XLSX are Just Text Files in a Trench Coat


It’s XML All the Way Down

A few years ago I was tasked to use an API with poor documentation that was only available in SOAP. Fortunately, there is a Python library called Zeep (docs.python-zeep.org/) – without it, I would have been completely lost. I grumbled through this task, feeling like I was working on something that if not already obsolete was well on its way.

Only recently, I learned that XLSX files are actually zipped XML files. So let’s take one apart:

1. Initial CSV File

Starting with a CSV file has about 1200 rows and 17 columns comes to 210 KB.

user/downloads/ └── data.csv (210 KB)

2. CSV Saved as .xlsx

Since the file is zipped, saving it as a .xlsx file reduces the file size to 141 KB.

user/downloads/ ├── data.csv (210 KB) └── data.xlsx (141 KB)

3. Formatted .xlsx File

Creating a formatted table and changing the fonts increases the size of the file to 768 KB.

user/downloads/ ├── data.csv (210 KB) └── data.xlsx (768 KB)

4. Now you can change the file extension to .zip and unzip the file to see the contents

Top of the xml folder

What we thought was a single file is actually a nested folder structure.

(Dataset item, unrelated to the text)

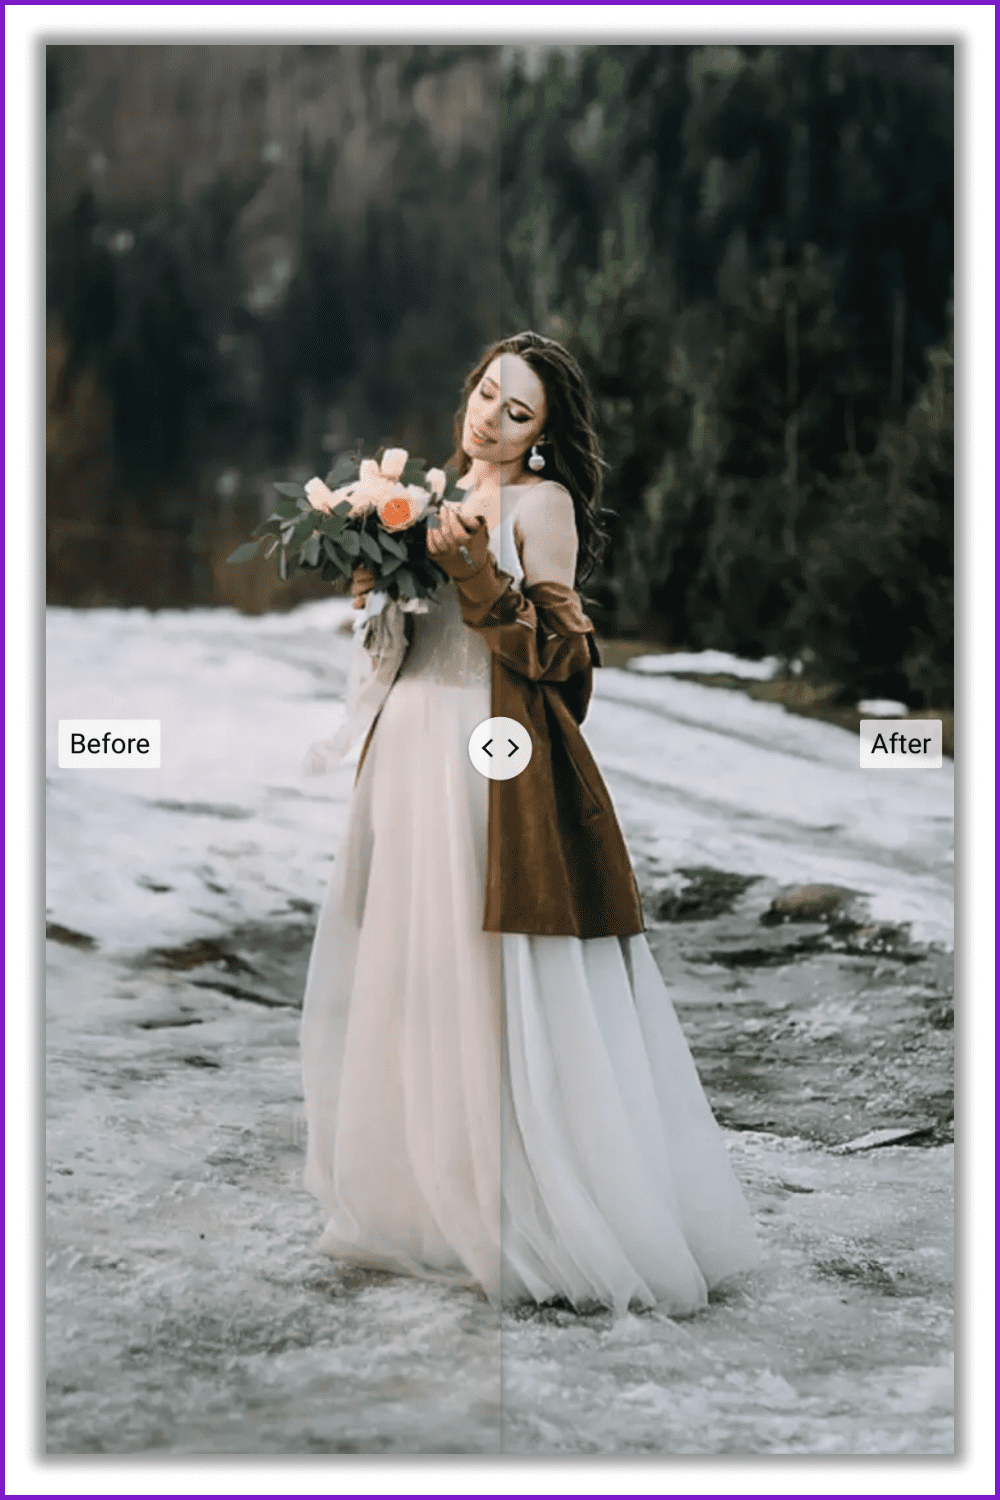 Photo of a girl in a white dress on a background of forest and snow.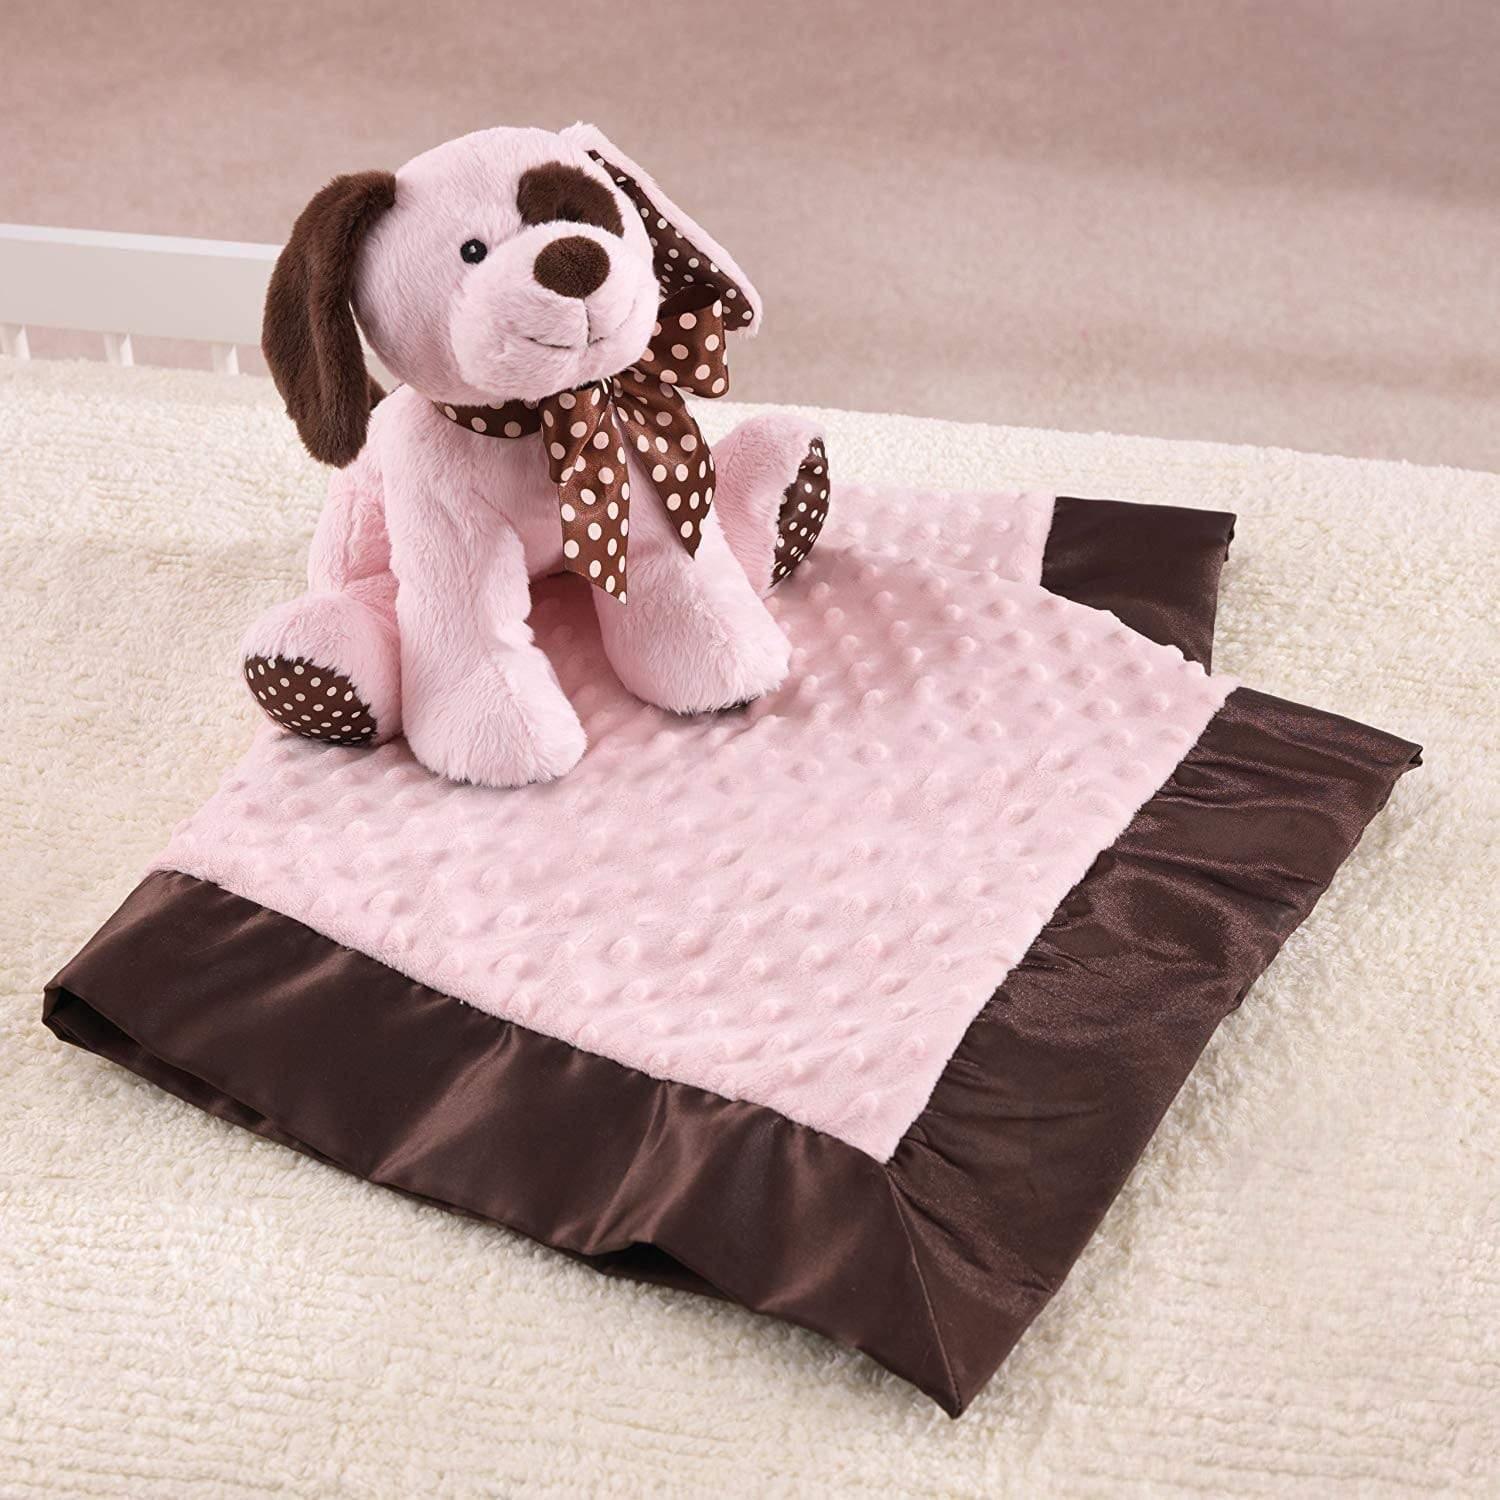 "Winky" the 10.5in Pink Plush Puppy and Blanket Set by KidKraft

├── xl/ │ ├── _rels/ │ │ └── workbook.xml.rels │ ├── theme/ │ │ └── theme1.xml │ ├── worksheets/ │ │ └── sheet1.xml │ ├── styles.xml │ ├── workbook.xml │ └── sharedStrings.xml

nested xml

Now the weird changes in file size and why some (relatively) small XLSX files take so long to open almost makes sense. When I heard it was the Microsoft standard since 2007, I instantly assumed it was some nefarious plot to consolidate their market share. But actually, it opened up Excel from a proprietary to an open format called Office Open XML (OOXML). My bad Microsoft. I guess I should have read the ISO/IEC 29500:2008 standard before jumping to conclusions.

XML Forever?

XML (eXtensible Markup Language) was created in the late 1990s to replace SGML which I am guessing was a replacement for something else. JSON (JavaScript Object Notation) is a lighter weight alternative but obviously ther are still many applications where XML is the better choice. Or in the case of XLSX, the only choice.